Luwu Utara-BNI.co.id

Kopi seko yang dikenal dengan cita rasa dan aroma khasnya dari kopi lain di Indonesia, kini sejajar dengan kopi Gayo (Aceh) dan kopi Toraja sebagai primadona kopi Indonesia yang mendunia.

Pemerintah Daerah Kabupaten Luwu Utara terus berupaya meningkatkan daya saing produk kopi Seko melalui jaminan kualitas, keaslian, keunikan, karakteristik, serta kepastian hukum.

Upaya ini membuahkan hasil dengan diterimanya permohonan Indikasi Geografis (IG) kopi Seko pada 12 Juli 2022 oleh Ditjen Hak Kekayaan Intelektual, menandai terpenuhinya seluruh persyaratan administratif.

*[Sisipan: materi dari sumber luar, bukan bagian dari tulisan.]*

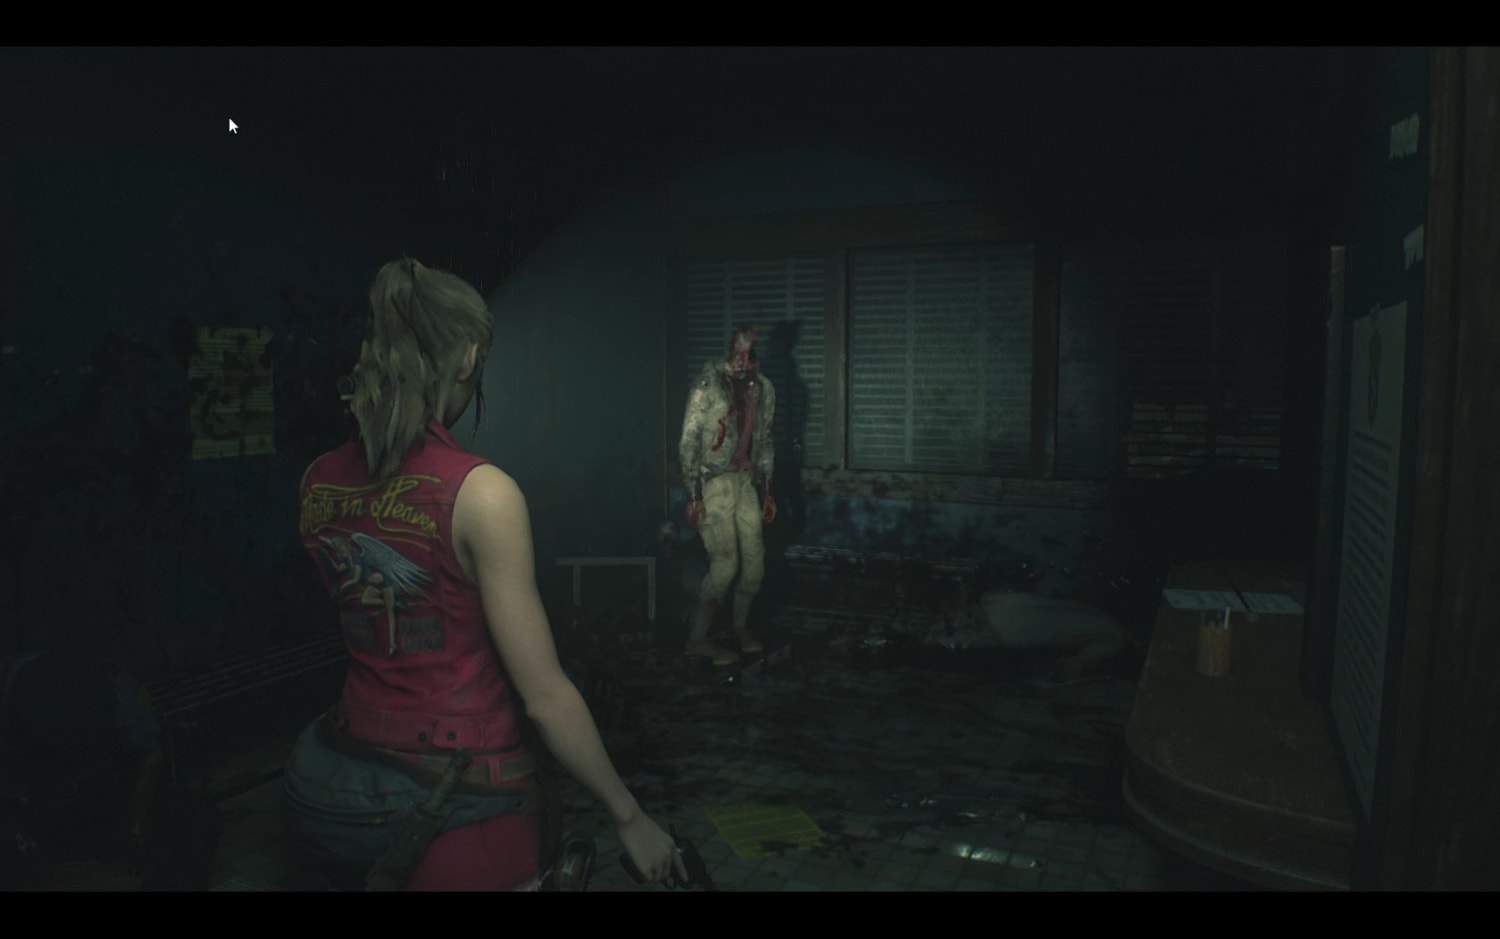 [Resident Evil 2] Three in a row! Claire encounters a phantom zombie, an unhelpful door, and Monty Python's Black Knight

Kopi Seko pada Agustus 2024 secara resmi didaftarkan untuk mendapatkan sertifikat IG dengan nomor pendaftaran IDG000000156, setelah melalui proses pemeriksaan substantif di Seko dan evaluasi di Makassar.

Pada bulan kemerdekaan, Agustus 2025, Kopi Arabika Seko secara resmi menerima sertifikat Indikasi Geografis dari Kemenkumham, yang memastikan keaslian produk Luwu Utara ini. Sertifikat ini menjadi kado istimewa di Hari Ulang Tahun Kemerdekaan Republik Indonesia.

Sertifikat Indikasi Geografis Kopi Arabika Seko Luwu Utara diterima oleh Kepala Badan Perencanaan Pembangunan, Riset, dan Inovasi Daerah (Bapperida) Kabupaten Luwu Utara, Drs. H. Aspar, pada acara Syukuran Hari Pengayoman ke-80 Kementerian Hukum dan HAM, 22 Agustus 2025.

Sertifikat IG mencantumkan nama dan alamat pemilik, yaitu Masyarakat Perlindungan Indikasi Geografis Kopi Seko, dengan alamat Kantor Balitbangda Luwu Utara, Jalan Simpurusiang Nomor 27, Kelurahan Baliase, Kecamatan Masamba, Kabupaten Luwu Utara, Sulawesi Selatan, Indonesia (92961).

Perlindungan Indikasi Geografis ini diberikan selama ciri dan kualitas yang menjadi dasar perlindungan tetap ada. Sertifikat ini dilampiri dengan dokumen deskripsi yang menjadi bagian tak terpisahkan. Sertifikat ditandatangani oleh Direktur Merek dan Indikasi Geografis, Kurniaman Telaumbanua.

Sertifikasi ini memberikan jaminan hukum atas produk daerah, meningkatkan daya saing ekonomi, melindungi produsen dan konsumen dari penipuan, serta melestarikan kekayaan alam dan budaya daerah penghasil.

Menteri Hukum dan Hak Asasi Manusia atas nama Negara Republik Indonesia, berdasarkan Undang-Undang Nomor 20 Tahun 2016 tentang Merek dan Indikasi Geografis jo. Peraturan Menteri Hukum dan Hak Asasi Manusia Nomor 10 Tahun 2022 tentang Perubahan atas Peraturan Menteri Hukum dan Hak Asasi Manusia Nomor 12 Tahun 2019 tentang Indikasi Geografis, memberikan hak Indikasi Geografis kepada.

Alamat Pemilik Indikasi Geografis Masyarakat Perlindungan Indikasi Geografis Kopi Seko, Kantor Balitbangda Kabupaten Luwu Utara, Jalan Simpurusiang Nomor 27, Kelurahan Baliase, Kecamatan Masamba, Kabupaten Luwu Utara, Provinsi Sulawesi Selatan, Indonesia (92961).

Untuk Indikasi Geografis dengan nama Produk Kopi Arabika Seko Luwu Utara
Penerimaan 12 Juli 2022/ Nomor Pendaftaran IDG000000156
Tanggal Pendaftaran
16 Agustus 2024.

Perlindungan Hak Indikasi Geografis diberikan selama ciri dan kualitas yang menjadi dasar perlindungan tetap ada. Sertifikat Indikasi Geografis dilampiri dengan Dokumen Deskripsi yang tidak terpisahkan dari sertifikat ini.